Money Money Money

Bob Woodward takes on the recent budget crisis

By Jessamine Chan

Like all 16 of his previous books, Pulitzer Prize–winning journalist and 41-year Washington Post veteran Bob Woodward’s latest is a national bestseller. Debuting at #2 on the Hardcover Nonfiction list, with sales of 29,876 copies last week at BookScan-tracked outlets, The Price of Politics takes readers from early 2009 to summer 2012 as President Obama and Congress battle over strategies to revitalize the economy and address the troubling state of the government’s debt, which veered toward default (and potential financial collapse) in 2011. Woodward spent 18 months interviewing Obama, House Speaker John Boehner, and others, and takes readers ringside to key meetings, strategy sessions, and phone calls. The book traces the rocky relationship between Obama and Boehner, critical of both, and shows Democrats and Republicans unsurprisingly accusing each other of poor management. To promote the book, Woodward’s first interview will be with Diane Sawyer on ABC’s World News Tonight and Nightline, and George Stephanopoulos will interview him live on Good Morning America. Woodward’s media blitz also includes appearances on NBC’s Meet the Press, CBS This Morning, PBS’s Charlie Rose, Fox News Channel’s Hannity, NPR’s Marketplace, and book excerpts in the Washington Post. On Sept. 21, the National Press Club honored Woodward with the Fourth Estate award for a lifetime of journalistic excellence. In addition to stops in Washington, D.C., and New York City, Woodward’s lecture tour will take him to colleges including St. Olaf College, Colby College, and the University of Virginia. Woodward’s 2010 title, Obama’s Wars, has sold 185,302 hardcover copies to date, and he can expect those numbers to grow. His 2002 title, Bush at War, has sold 512,556 copies hardcover and 73,364 copies in paperback, while 2006’s Bush at War: State of Denial has sold 528,110 copies hardcover, 15,725 paperback. Clearly, readers are hungry for Woodward’s take on politics, war, and now, the puzzle of the federal budget.

Keeping Time with Mitch

Father Time has been kind to Mitch Albom—the bestselling author’s new fabulist novel, The Time Keeper, released on Sept. 4, is already sitting pretty at #2 on the Hardcover Fiction list, and his publicist, SallyAnne McCartin, reports that fans lucky enough to score a free copy of the book via social media giveaways “have finished within hours” and are already “sharing personal stories about how the book has touched and changed their lives.” Albom, however, has not been as kind to Father Time. In his newest, a man named Dor begins to track the passing of the days, only to be banished to a cave where he must bear witness to millennia of humanity begging “for more minutes, more hours, more years, more time.”
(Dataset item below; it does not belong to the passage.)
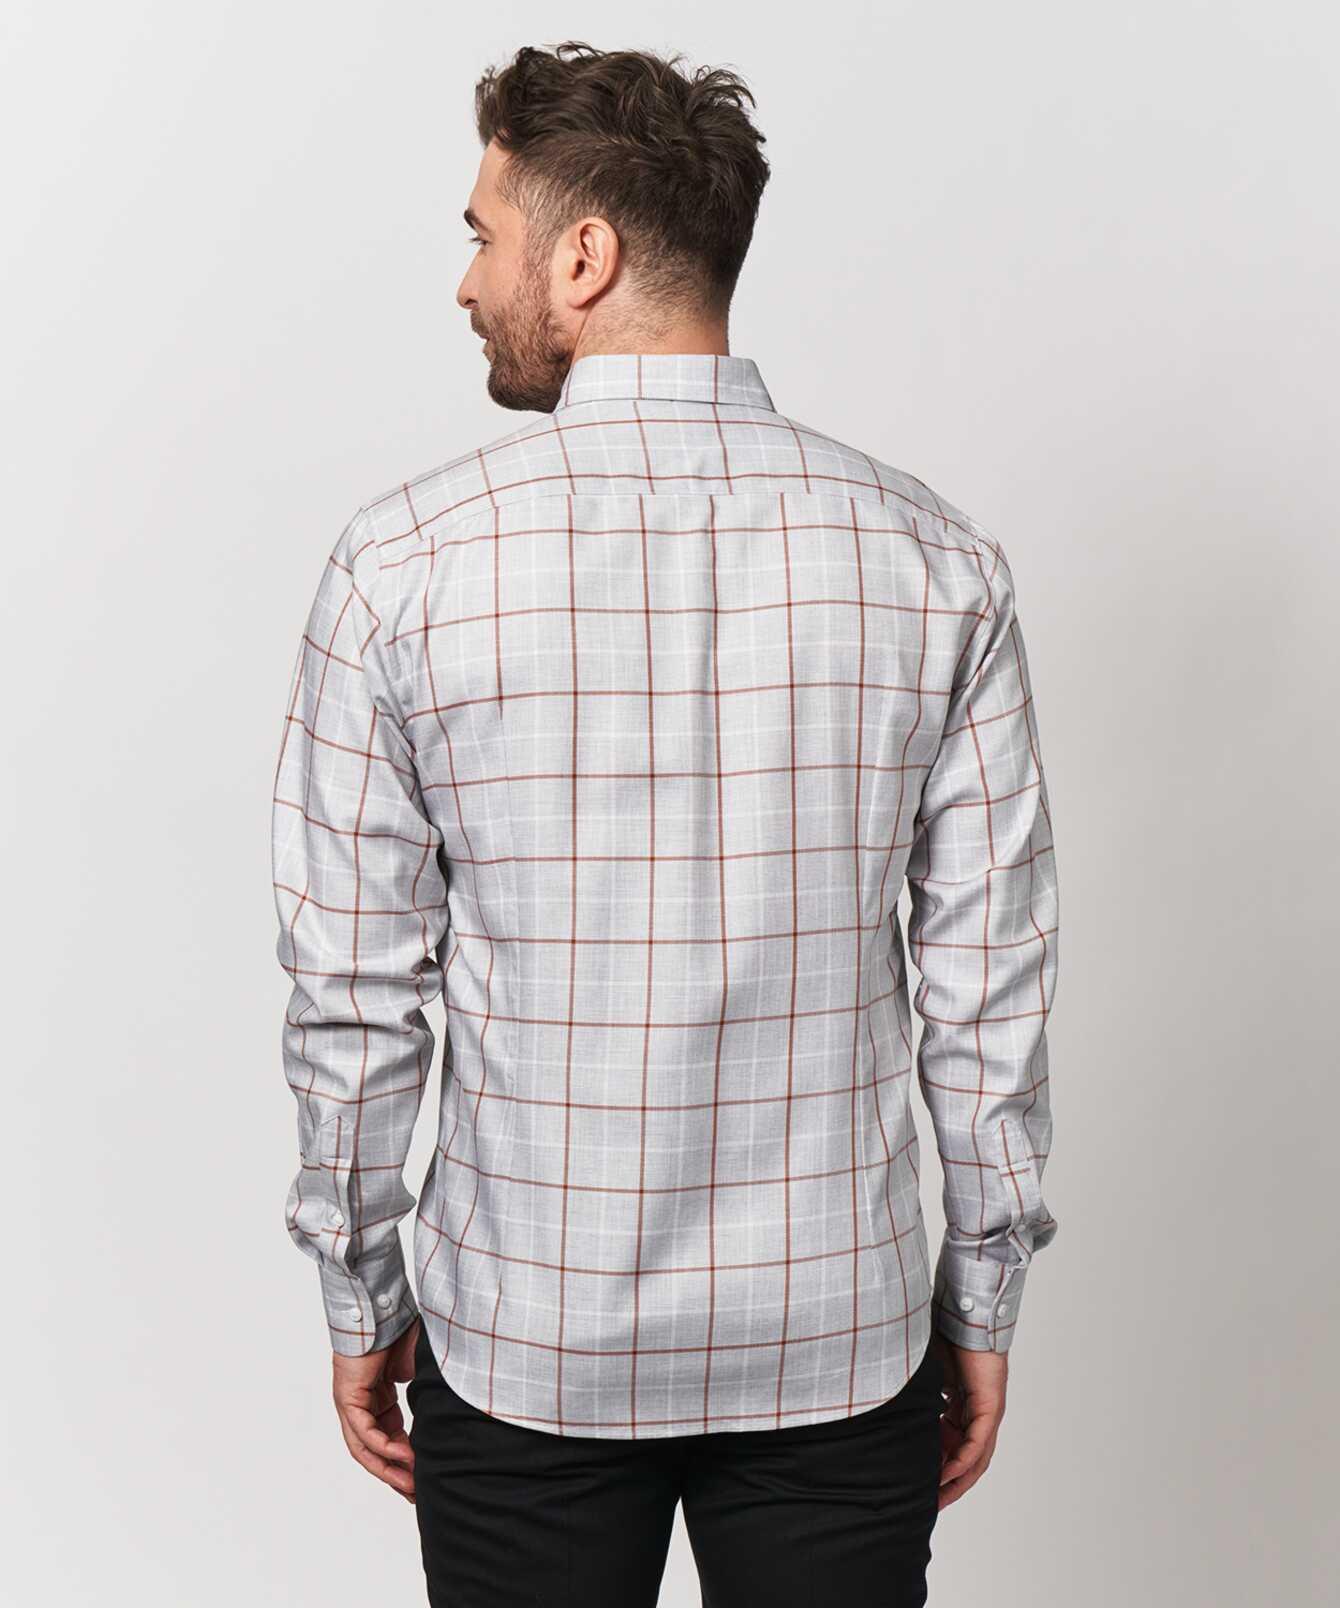 Skjorta Lincoln Brun Extra Lång Ärm The Shirt Factory

Finally, after a torturous 6,000 years, God releases Dor into the modern world and tasks him with teaching two errant individuals the true worth of a precious moment. But the man they meet isn’t the stooped, haggard greybeard folks typically picture when they imagine Father Time: in Albom’s hands, he hasn’t aged a bit since he was cast into exile.

Such a twist augurs well for a possible feature film. McCartin says there are “no specific plans yet,” but given that four of Albom’s books have been turned into TV movies, there’s a good chance The Time Keeper will make it to the silver screen; she also let on that Albom has “teased that someone like Hugh Jackman” would make a great Dor—the two became friends while Jackman was in Detroit (where the author and his family live) filming 2011’s Real Steel.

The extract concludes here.